Work request: Begin your copy at the line with "concepto de educación, niño" in the records below and end it at the line with "CHİMERA Yarı Bitkisel", restating each line word for word; omit the pictures.

Supplied data Block Start

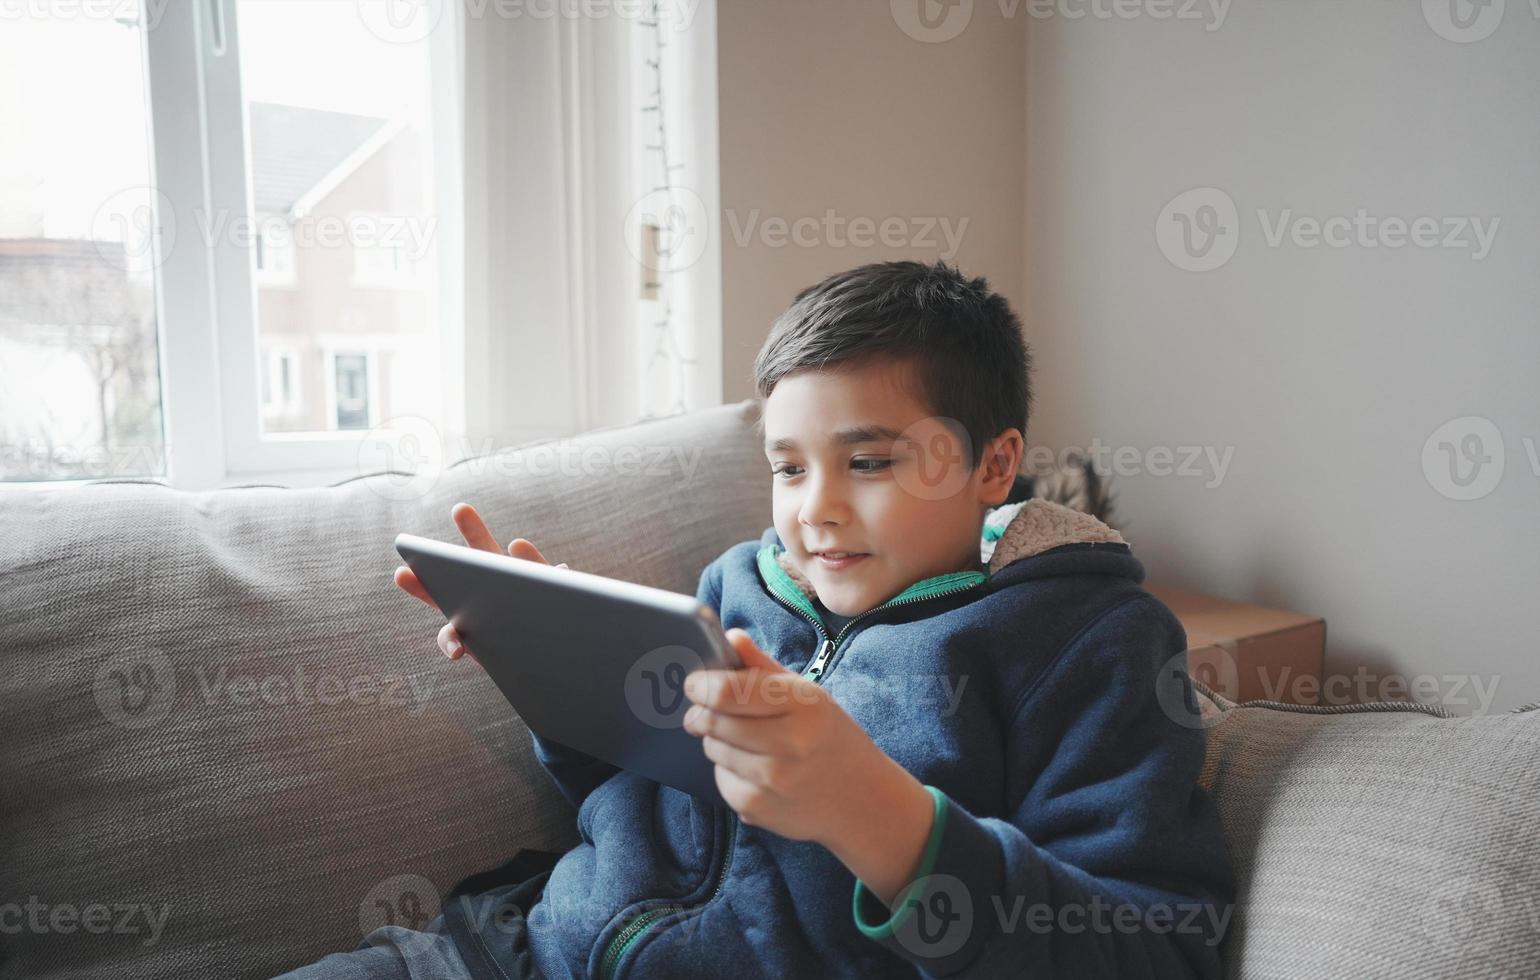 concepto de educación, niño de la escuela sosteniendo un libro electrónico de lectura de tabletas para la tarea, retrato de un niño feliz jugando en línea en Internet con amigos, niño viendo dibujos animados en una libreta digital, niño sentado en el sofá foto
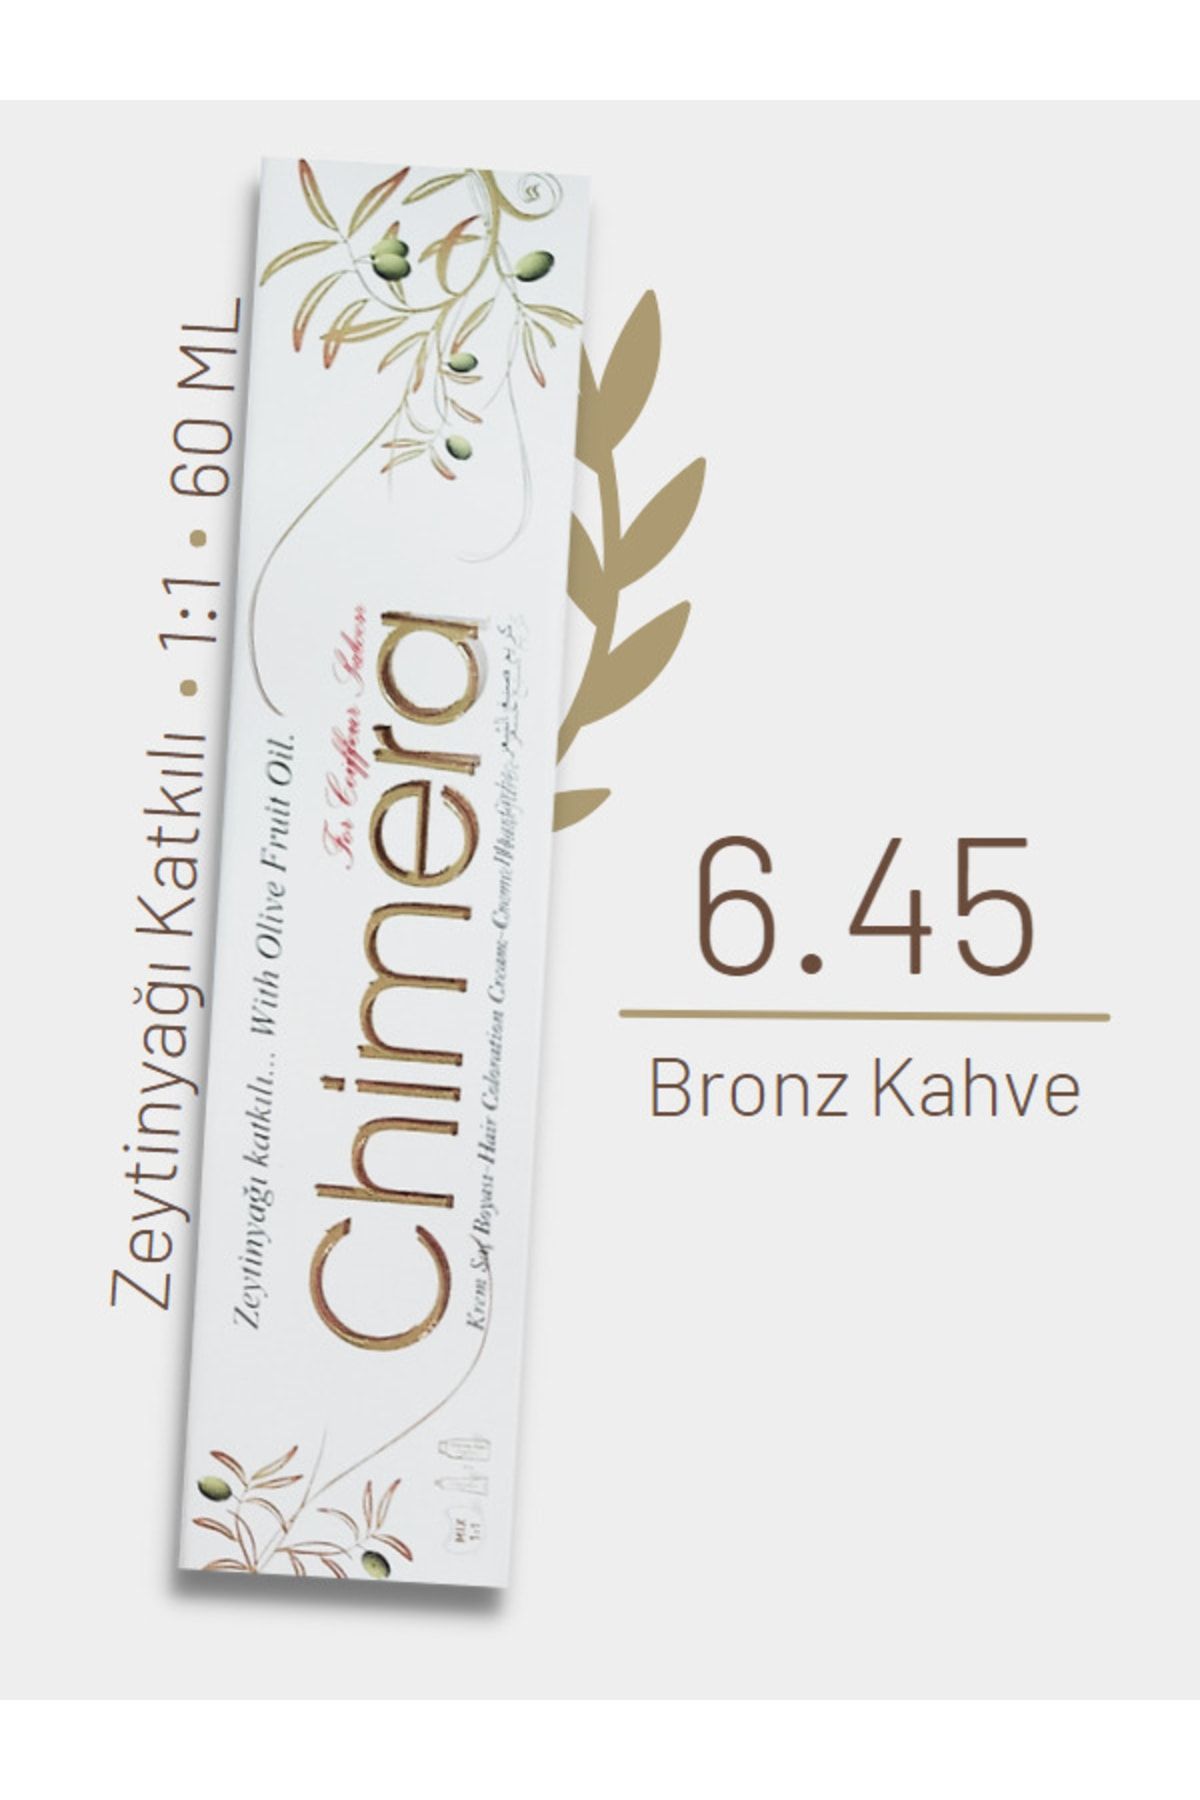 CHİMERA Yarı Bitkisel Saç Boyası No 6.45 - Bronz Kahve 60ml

Supplied data Block End
Supplied data Block Start

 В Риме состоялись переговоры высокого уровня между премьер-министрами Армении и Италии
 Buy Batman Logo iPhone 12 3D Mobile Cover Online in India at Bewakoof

Supplied data Block End

Exercise result:
 concepto de educación, niño de la escuela sosteniendo un libro electrónico de lectura de tabletas para la tarea, retrato de un niño feliz jugando en línea en Internet con amigos, niño viendo dibujos animados en una libreta digital, niño sentado en el sofá foto
 CHİMERA Yarı Bitkisel Saç Boyası No 6.45 - Bronz Kahve 60ml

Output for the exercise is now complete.